8 Mar
2026
8 Mar
'26
9:48 a.m.
On Sun, Mar 8, 2026, at 10:27, Daniel Gultsch wrote:
I was never fully sold on the pre-authenticated roster
part of the
stack. I don’t know. I guess it’s kinda neat but I don’t really need a
mutual presence subscription to get the first message out.
You share a QR code to a friend, or they scan it from your phone, and all the
subscribe/subscribed dance is done without anyone of the 2 users receiving requests that
they need to accept or acknowledge.

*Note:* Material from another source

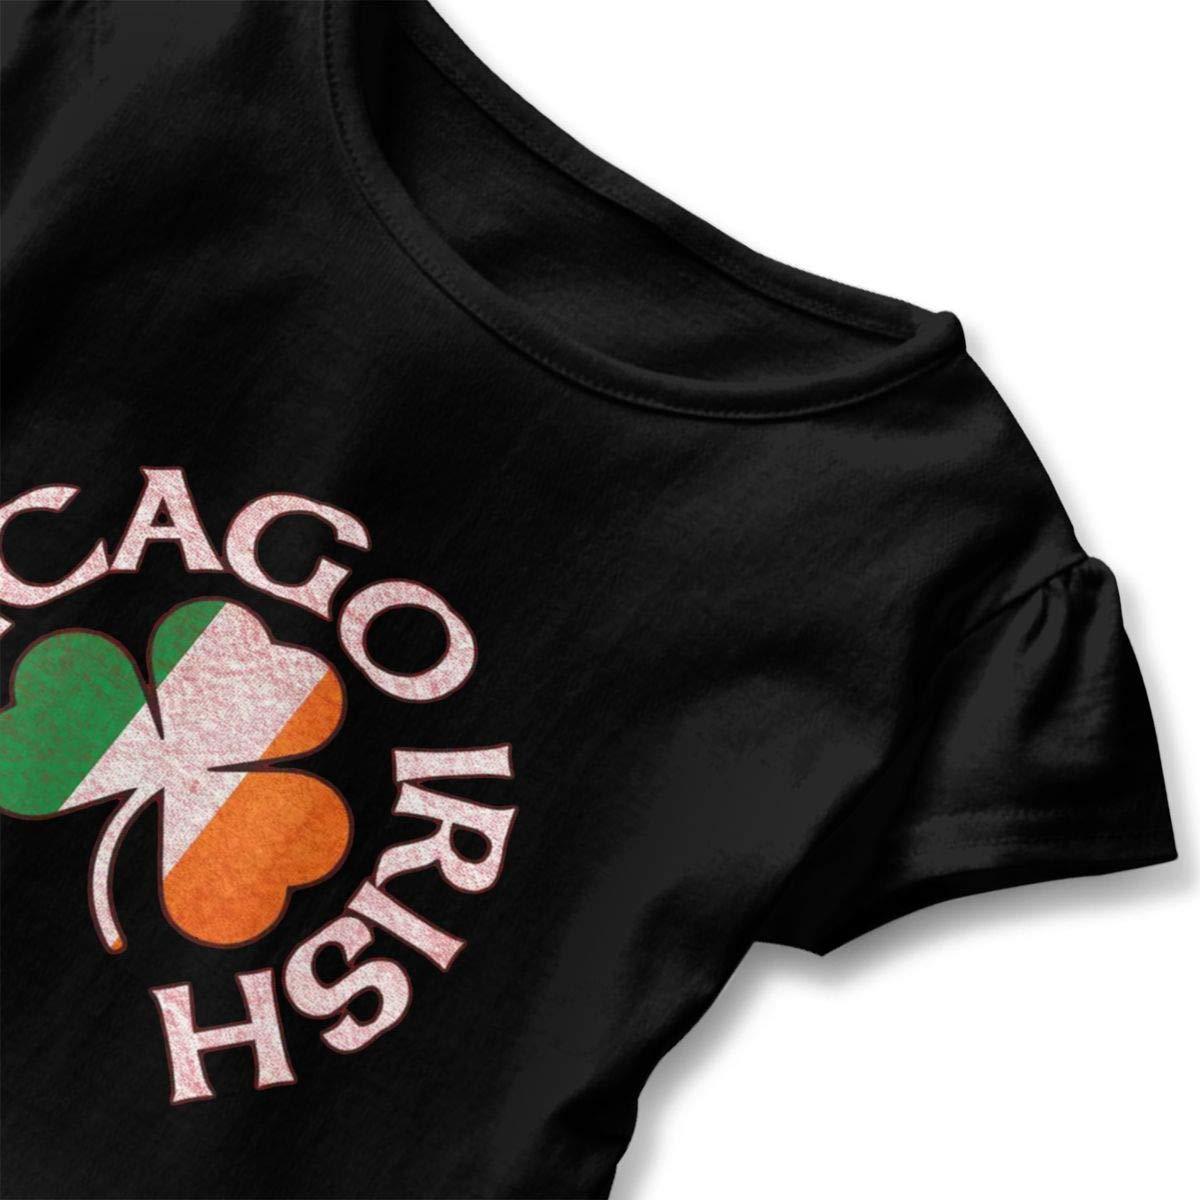 CZnuen Chicago Irish Shamrock 2-6T Baby Girls Cotton Jersey Short Sleeve Ruffle Tee

This sounds to me like a pretty nice value.
Why do you think its about sending a first message?
The XEPs try to separate those two concerns (I guess
partially due to
me providing the same feedback a few years ago) but do a pretty bad
job at it.
0445 is technically a separate XEP but without 0401 I have no
(standardized) way retrieving those registration tokens.
However 0401 doesn’t provide a guarantee that the server even supports
0445 and I have no way of knowing that before retrieving the invite
URI. Only after retrieving the invite URI and checking for the
existence of the ibr=y parameter I know that the server supports 0445.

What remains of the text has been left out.